1. A method comprising the step of:
a) associating metadata with a presentation datastream.
2. A method as claimed in claim 1 further comprising the step of:
b) using the metadata to extract at least one element from the presentation datastream by an application to process the data.
3. A method as claimed in claim 2 wherein the presentation datastream is used to render a presentation, and the application processes the data for a purpose other than rendering the presentation.
4. A method as claimed in claim 2 wherein the presentation datastream is used to generate a presentation, and the application processes the data for a purpose other than rendering the presentation.
5. A method as claimed in claim 1 further comprising the step of:
b) using the metadata to extract at least one element from the presentation datastream for storage in a data storage unit.
6. A method as claimed in claim 5 wherein the element of the presentation datastream is used to render a presentation, and the element is stored in the data storage unit for a purpose other than rendering the presentation.
7. A method as claimed in claim 5 wherein the presentation datastream is not used to generate a presentation, and the data storage unit stores the element for a purpose other than rendering the presentation.
8. A method as claimed in claim 1 wherein the metadata identifies an application that generated the presentation datastream.
9. A method as claimed in claim 8 wherein an application generates the presentation datastream, and the metadata identifies a memory location of the application in a computing environment.
10. A method as claimed in claim 8 wherein the metadata identifies a purpose of the application.
11. A method as claimed in claim 1 wherein the metadata identifies a data definition defining data used to generate the presentation datastream.
12. A method as claimed in claim 11 wherein the metadata identifies a field length of data stored in the data storage unit.
13. A method as claimed in claim 11 wherein the metadata identifies a data type of the presentation data stored in the data storage unit.

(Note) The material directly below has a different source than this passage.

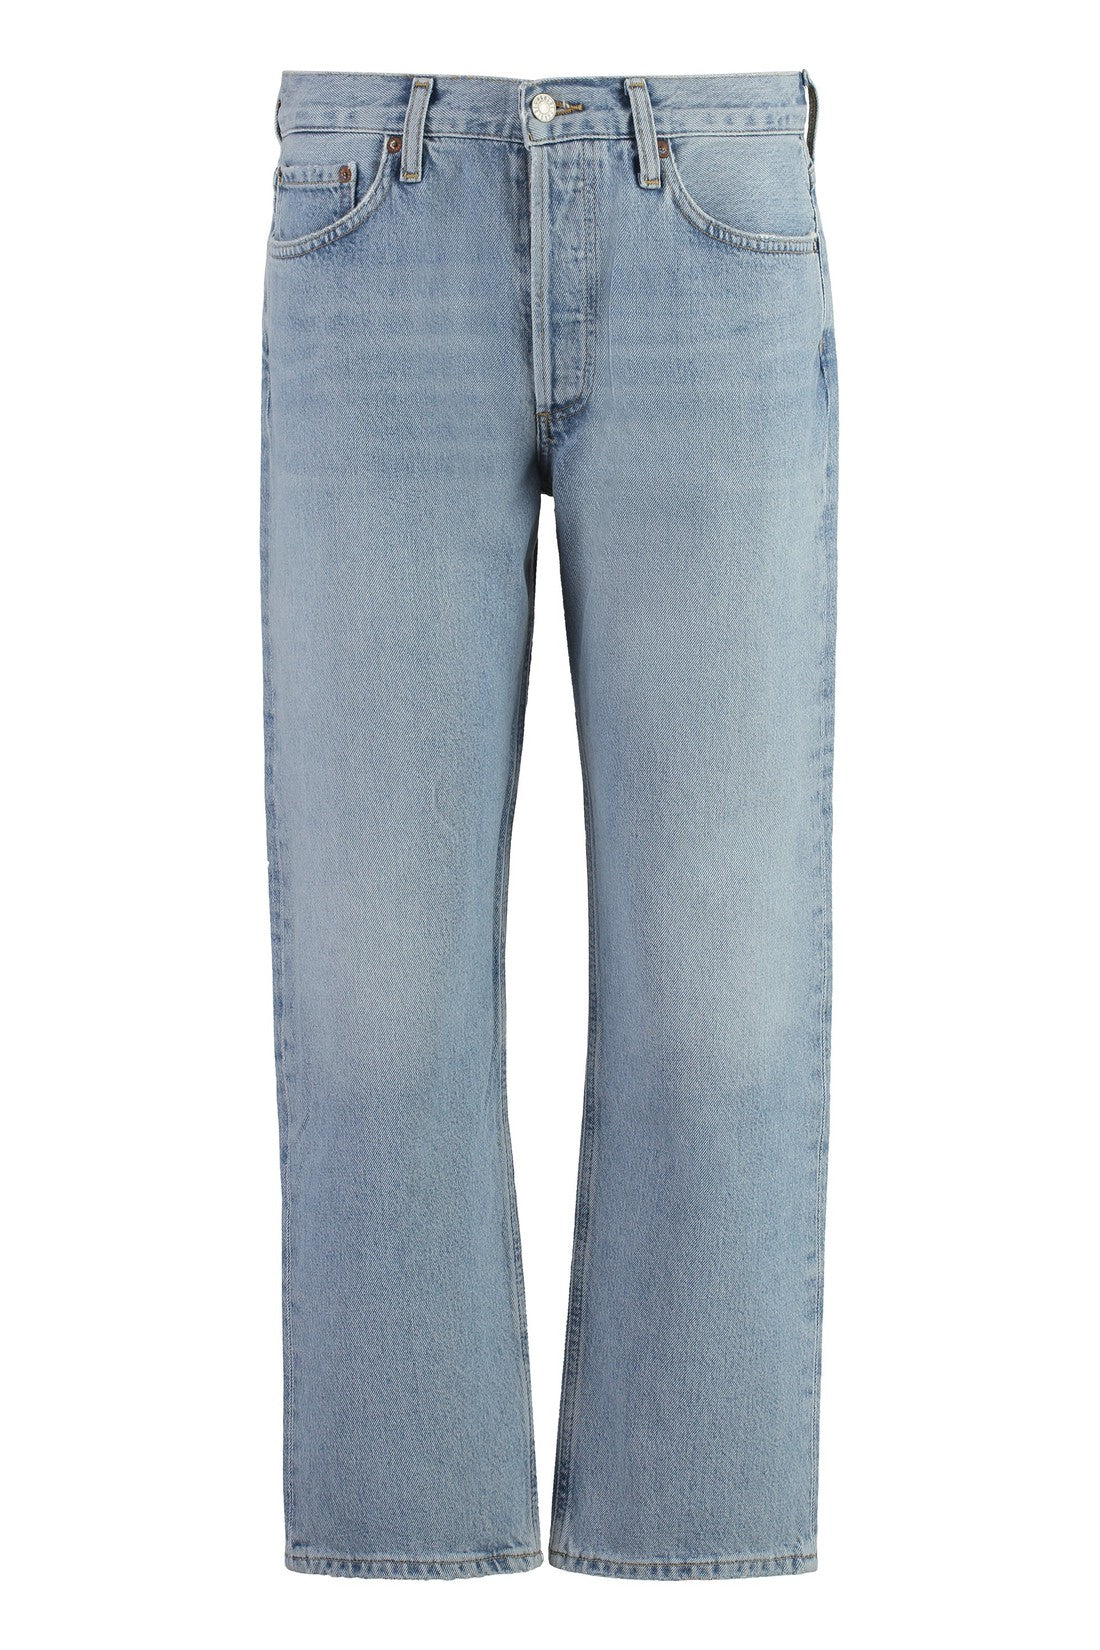 AGOLDE-OUTLET-SALE-Wyman Straight leg jeans-ARCHIVIST

14. A method as claimed in claim 11 wherein the metadata identifies a variable name associated with data.
15. A method as claimed in claim 11 wherein the metadata defines permissible values for the presentation data.

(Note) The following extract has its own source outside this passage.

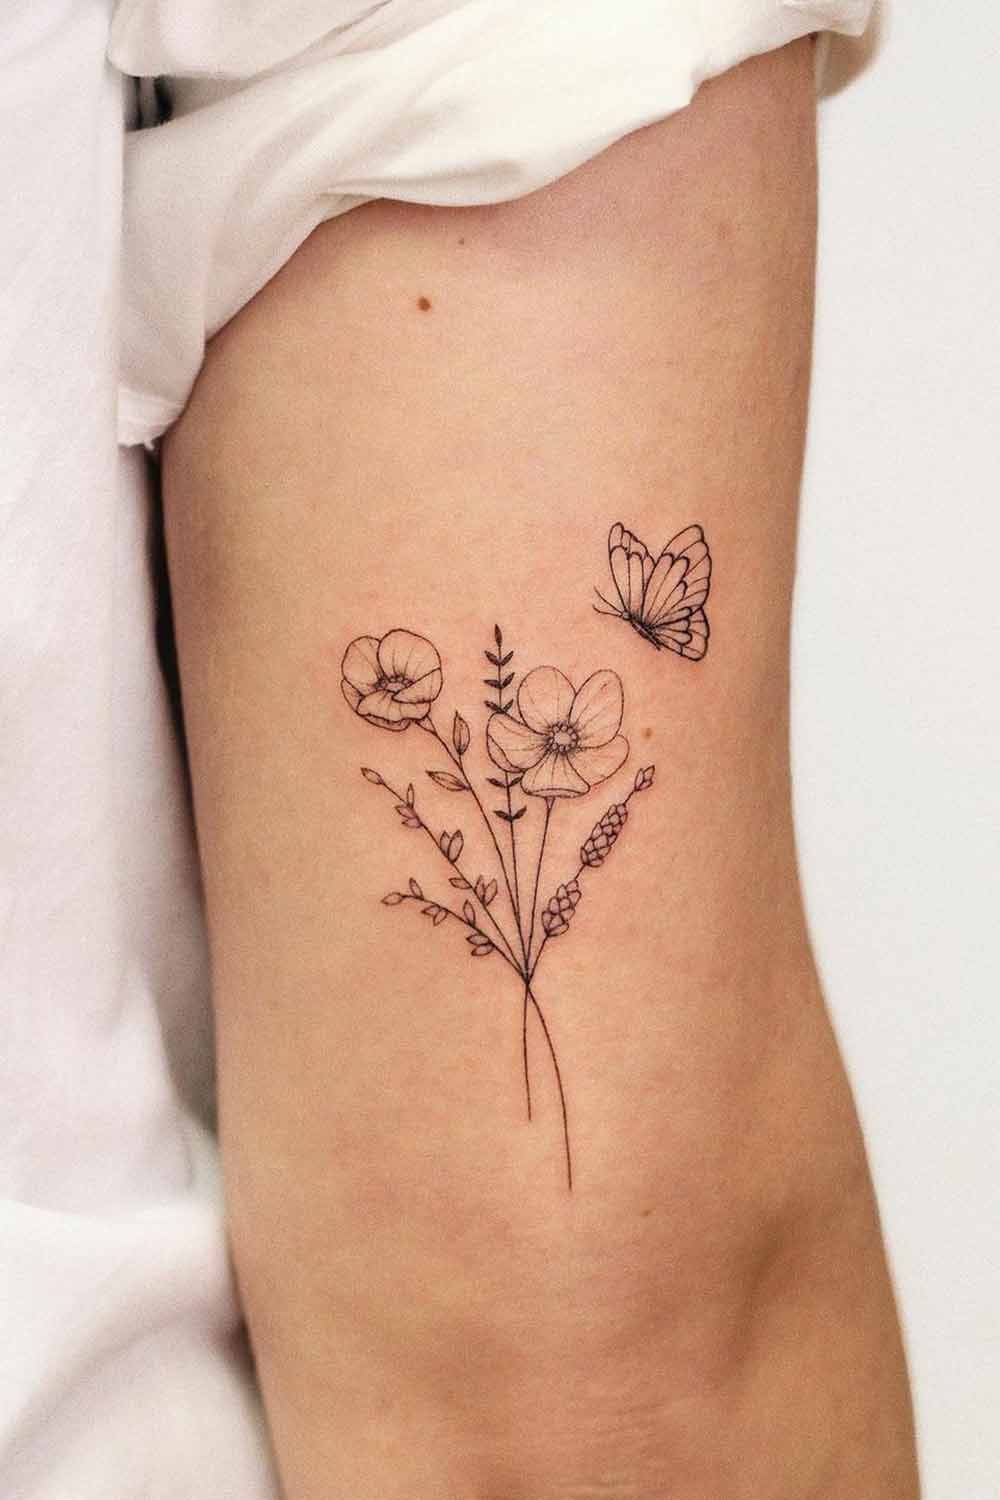 tatuagem-de-ramo-de-flor-com-borboleta-no-braco

16. A method as claimed in claim 15 wherein the metadata identifies the permissible values for the presentation data as a range of values.
17. A method as claimed in claim 15 wherein the metadata identifies the permissible values for the presentation data as a group of permissible values.
18. A method as claimed in claim 1 wherein the metadata identifies a user interface definition for the presentation data.
19. A method as claimed in claim 18 wherein the user interface definition includes a name of the data rendered on the user interface, and the metadata identifies the name.
20. A method as claimed in claim 18 wherein the user interface definition identifies screen position of data on a user interface display screen, and the metadata identifies the screen position.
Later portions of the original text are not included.